→ TASK BRIEF: Only the lines from the one with "hits the spot" through the end of the data are wanted, copied exactly.

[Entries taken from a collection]
:::

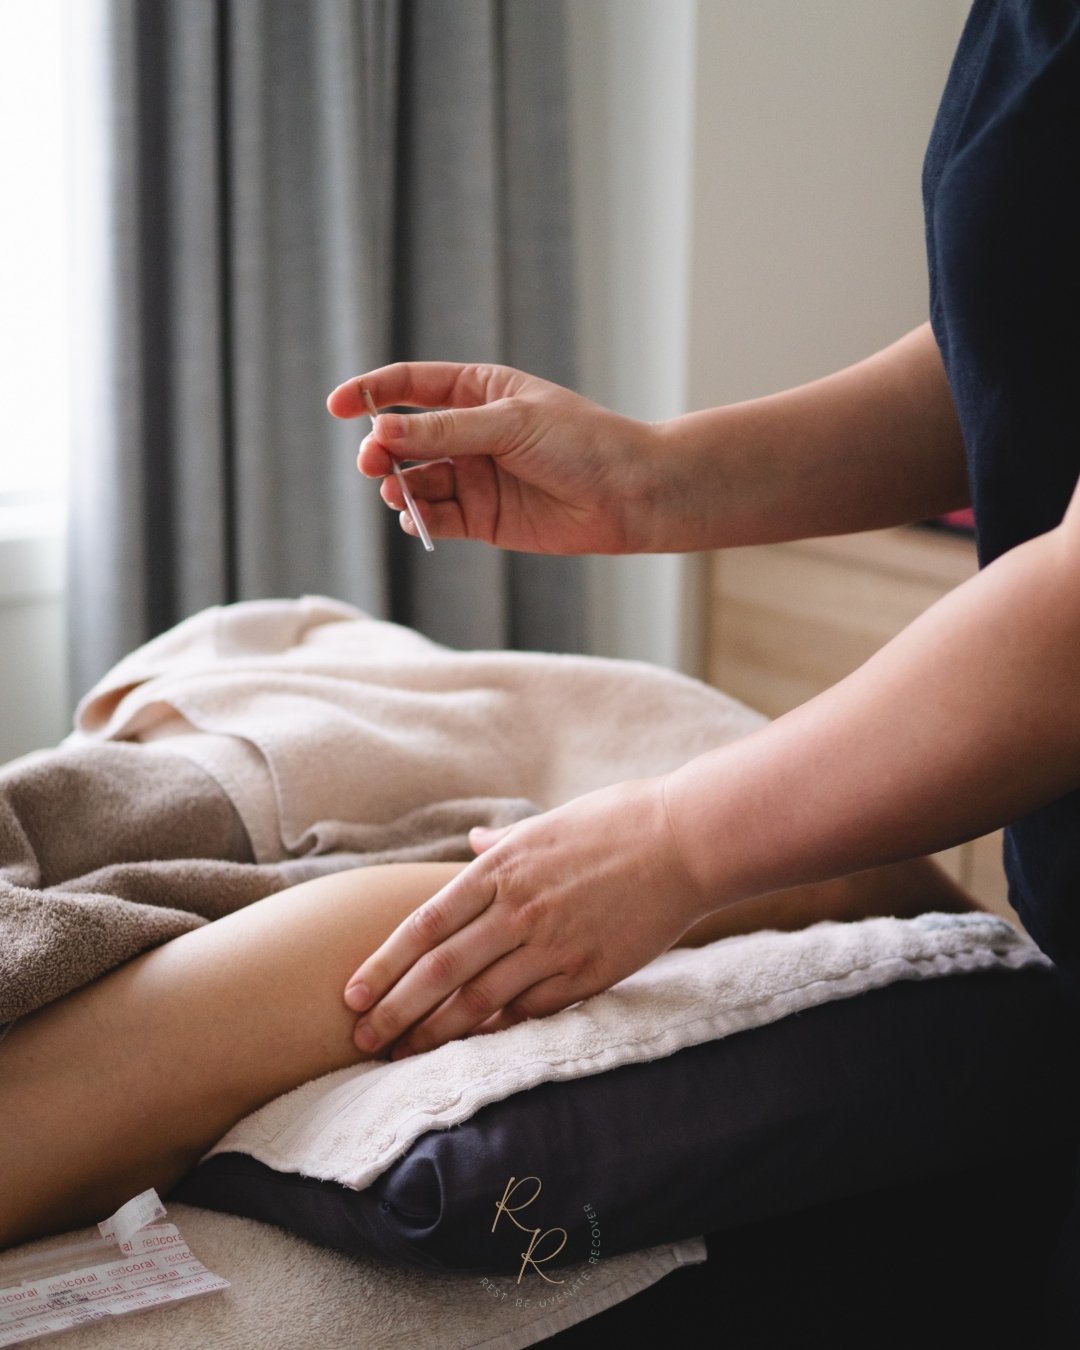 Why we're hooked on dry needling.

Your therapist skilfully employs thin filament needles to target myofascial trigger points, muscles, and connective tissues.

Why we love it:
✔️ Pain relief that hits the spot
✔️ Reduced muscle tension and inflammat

:::

→ TASK RESPONSE:
✔️ Pain relief that hits the spot
✔️ Reduced muscle tension and inflammat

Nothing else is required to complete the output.